It is noted that the mZK equation is a high dimensional nonlinear evolution equation and, thus, the study of its reduction problem is of theoretical interest. The Lie-group method, originally proposed by Sophus Lie, is a classical method to determine the symmetry reduction of partial differential equations (PDEs) [13,14,15,16]. During the past several decades, there have been many extensions of the Lie-group method such as the nonclassical Lie group method [17], the CK direct method [18], the direct symmetry method [19], and so on [20,21,22,23,24]. Among them, the direct symmetry method is an effective approach for seeking symmetry reductions. In [25] and [26], the method was used to investigate the Gardner–KP equation and the \((2+ 1)\)-dimensional Jaulent–Miodek equation, respectively.

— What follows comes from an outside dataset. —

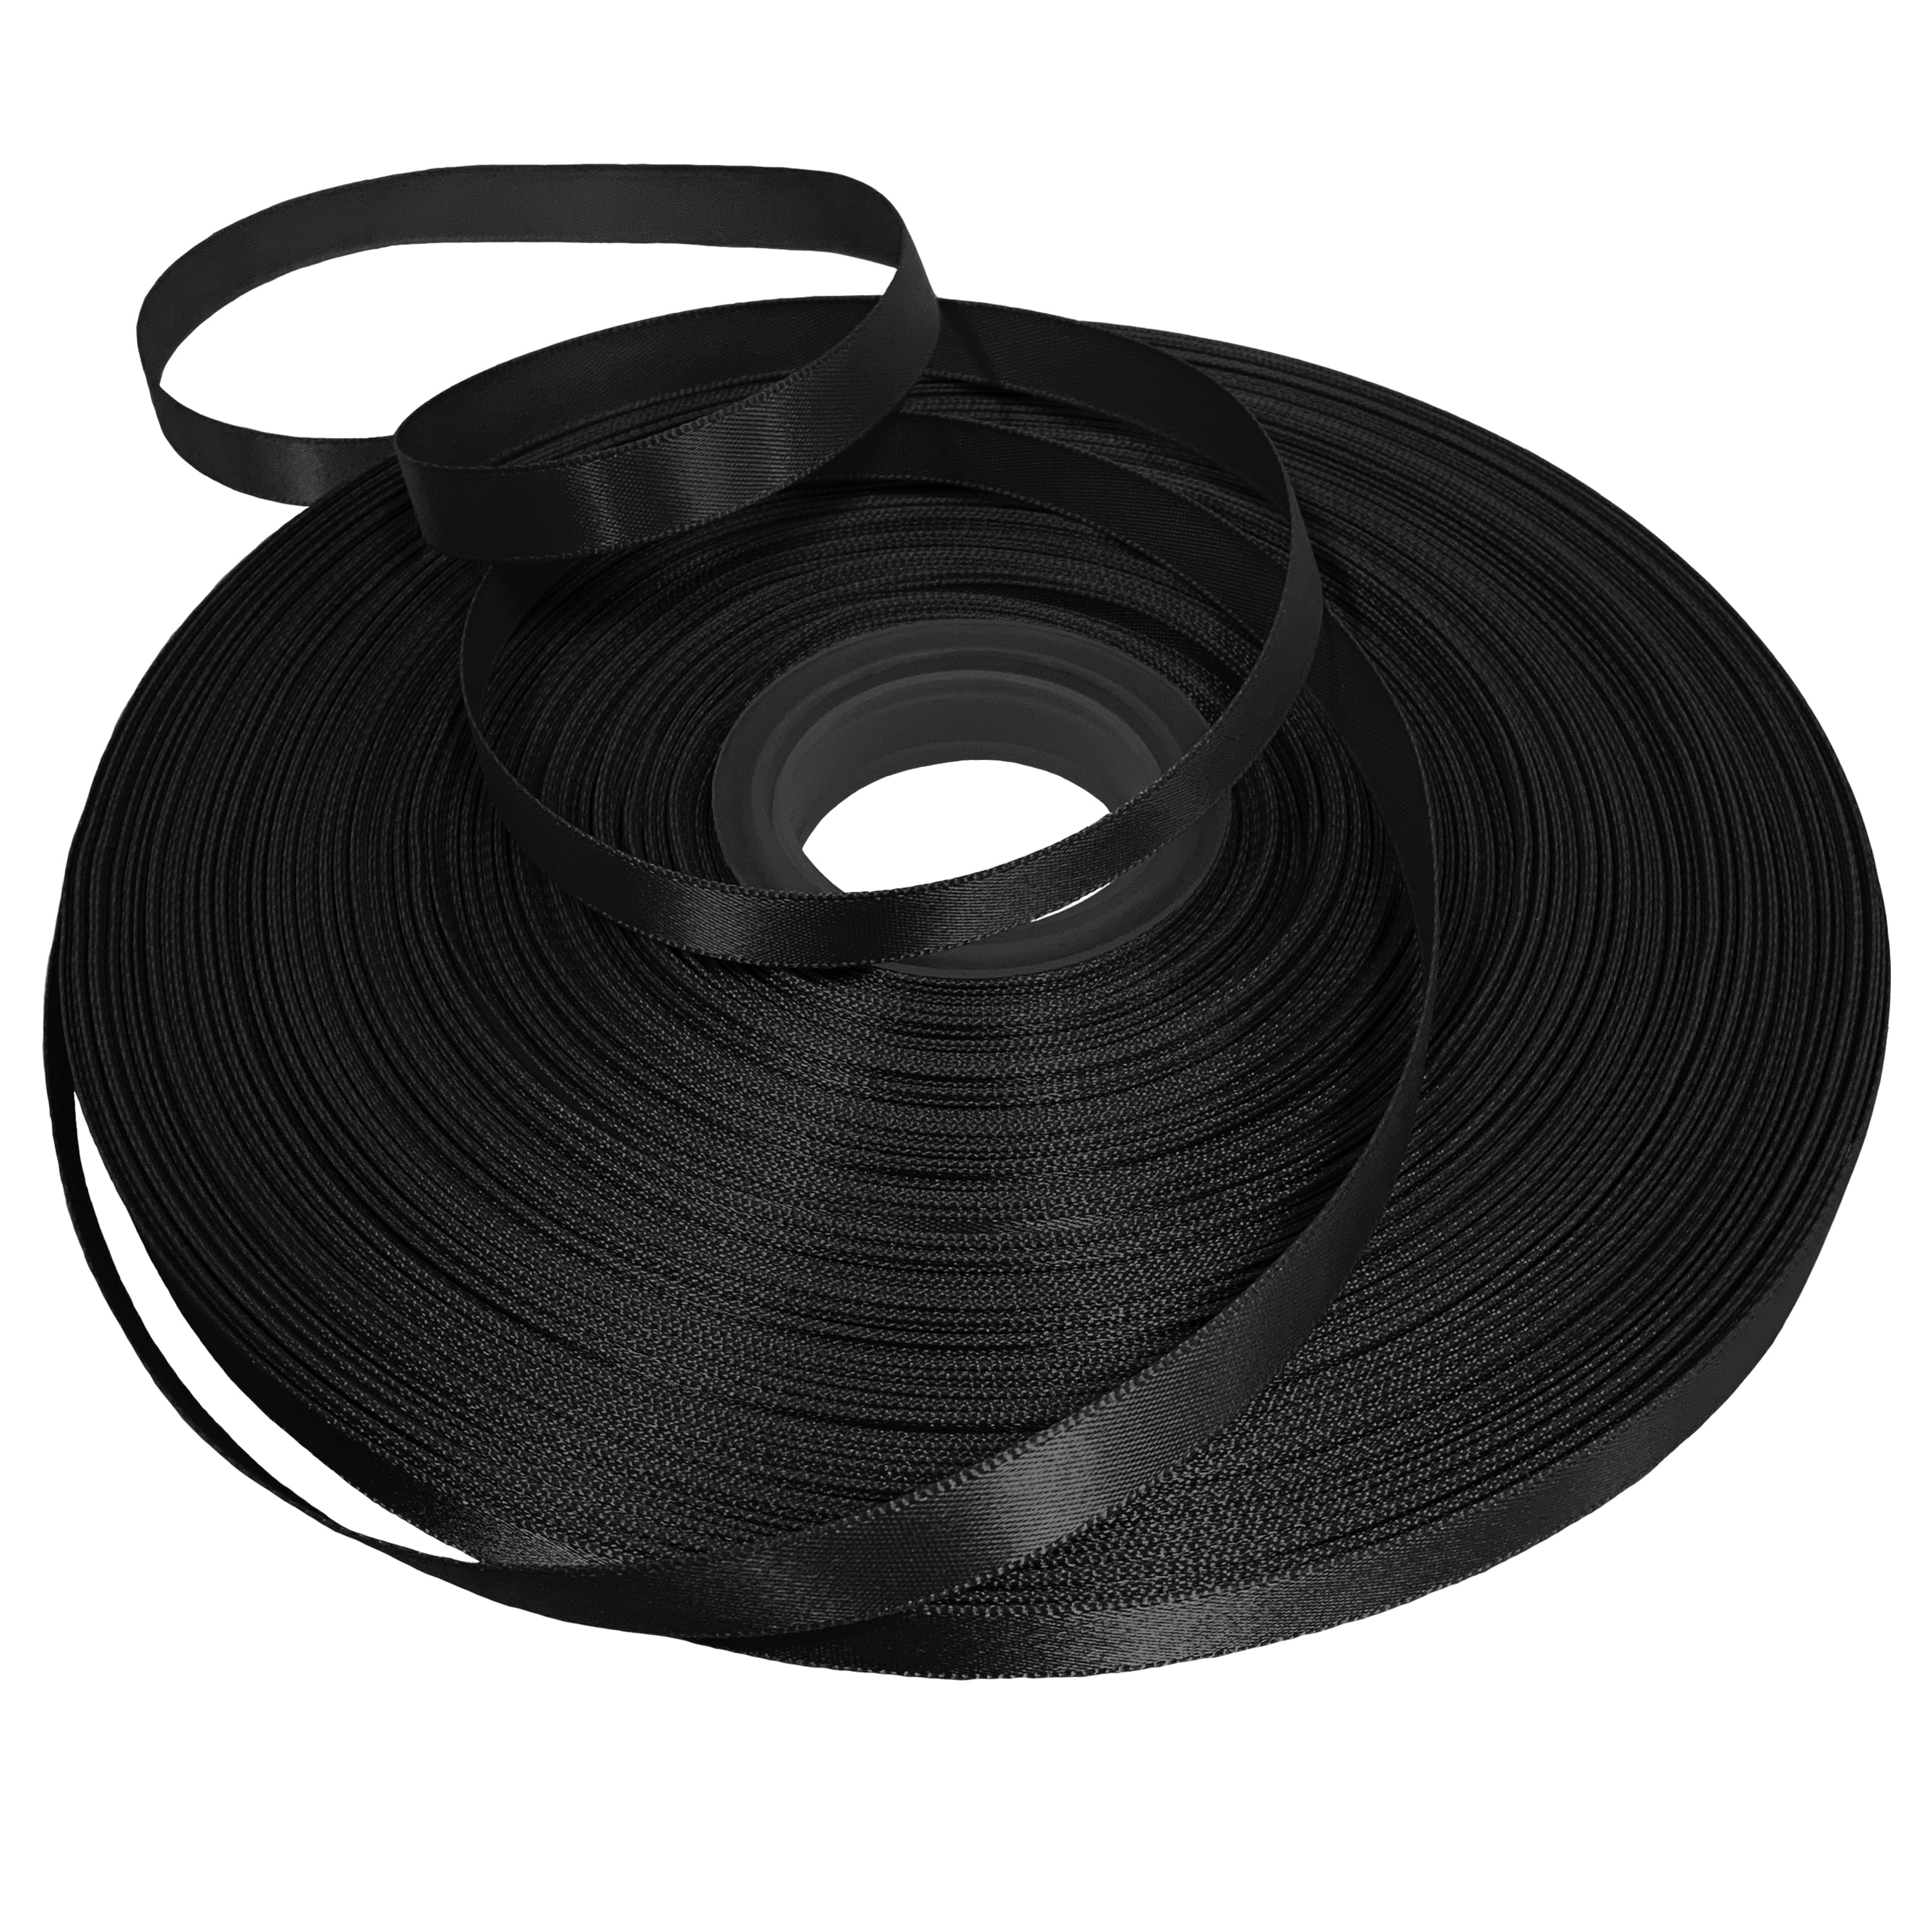 Black Paw Print Ribbon - 1 3/8 inch Wired Satin Ribbon – Flippin

To our knowledge, there is no result concerning the application of the direct symmetry method to the mZK equation partly due to its high dimension and nonlinear term \(u^{\frac{1}{2}}u_{x}\), which motivates the present work.

Based on the above discussion, this paper considers the problem of seeking symmetry reductions of the mZK equation. In Sect. 2, with the help of the direct symmetry method, the symmetry and the corresponding vector field of the mZK equation are determined. In Sect. 3, by solving the symmetry equation, similarity transformations are constructed, which are applied to reduce the mZK equation to \((2+ 1)\)-dimensional or even \((1+ 1)\)-dimensional equations. In Sect. 4, some exact solutions including trigonometric function solutions, hyperbolic function solutions, and Weierstrass function solutions of the mZK equation are presented in terms of the lower-dimensional equations. Finally, the conclusion is provided in Sect. 5.

2 Symmetry analysis

For an arbitrary nonlinear evolution equation

$$ \varPhi (x,t,u,u_{x},u_{t},\ldots )=0, $$
(3)

where \(u_{x}=\frac{\partial u}{\partial x}\). The function \(\sigma (x,t,u,u _{x},u_{t},\ldots )\) is called a symmetry [27] of Eq. (3) if it satisfies the following equation for an arbitrary solution \(u(x,t)\):

$$ \varphi ^{\prime }(u)\sigma =0, $$
(4)

where

$$ \varphi ^{\prime }(u)\sigma =\frac{\partial \varphi }{\partial u} \sigma +\frac{\partial \varphi }{\partial u_{x}} \sigma _{x}+\frac{ \partial \varphi }{\partial u_{t}}\sigma _{t}+\frac{\partial \varphi }{ \partial u_{xx}} \sigma _{xx}+\cdots . $$

Note that Eq. (4) is a linear PDE of the symmetry σ. Therefore the linear combination of symmetry σ is also a symmetry of Eq. (3).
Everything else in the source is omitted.